On Monday, Yoox Group and Richemont both confirmed that they were in talks regarding a "potential business combination" of Yoox and Net-a-Porter. Just 24 hours later, that deal has been solidified: According to a statement from Richemont, it has signed an agreement to merge Net-a-Porter with Yoox into a new entity called the "Yoox Net-a-Porter Group."
The sale will likely go through in September, Richemont says, provided that Yoox's shareholders approve it at their next meeting in June. Natalie Massenet, Net-a-Porter's founder and executive chairwoman, will stay on in that role, and Yoox founder and CEO Federico Marchetti will become chief executive of the combined entity.

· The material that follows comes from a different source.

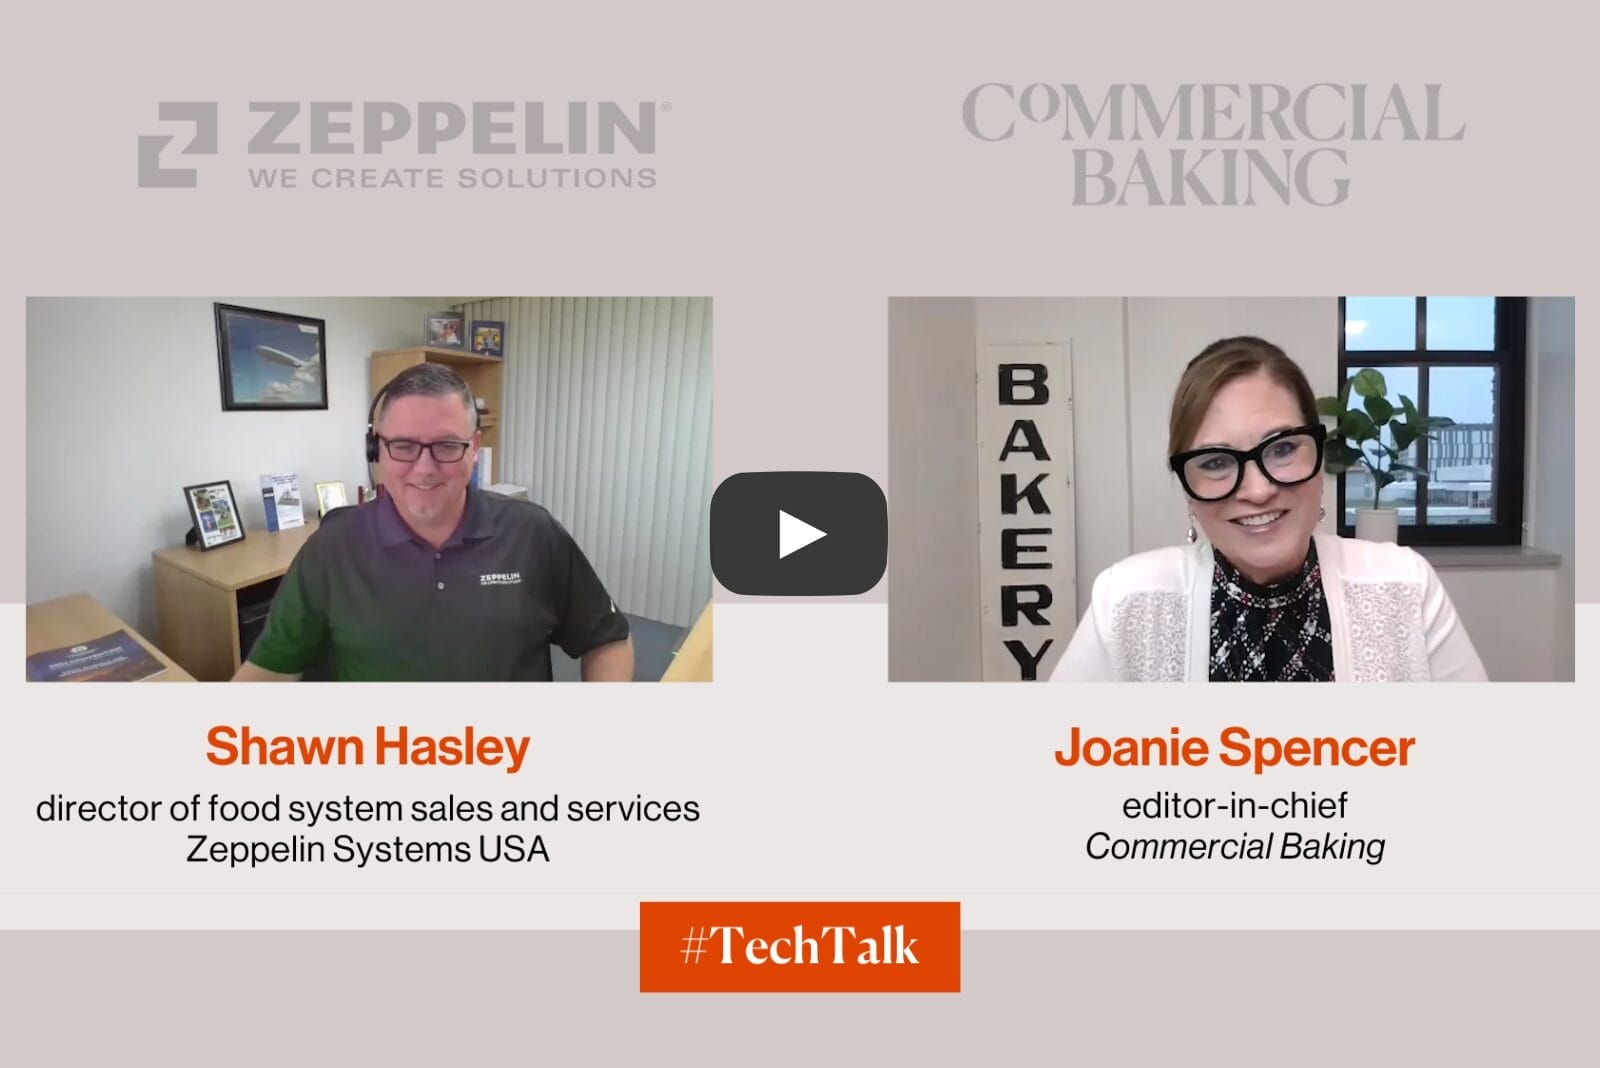 Two people smiling and talking about a featured technology from Zeppelin Systems USA.

As part of the deal, Richemont will be receiving 50 percent of the combined company's shares, although its voting rights are capped at 25 percent — meaning Yoox will be calling the shots there.
"Established business models are being increasingly disrupted by the technological giants. It is with this in mind that we believe it is important to increase leadership and size to protect the uniqueness of the luxury industry," Richemont chairman Johann Rupert said in a statement. "The merger of the two leaders will further enhance an independent, neutral platform for a sophisticated clientele looking for luxury brands.”
Marchetti has said in the past that he thinks of Net-a-Porter as his company's greatest rival, comparing the two to Coca-Cola and Pepsi. Given Net-a-Porter's strength in online luxury shopping and Yoox's partnership with dozens of high fashion brands on powering their e-commerce sites, the sum of the two could be pretty potent indeed.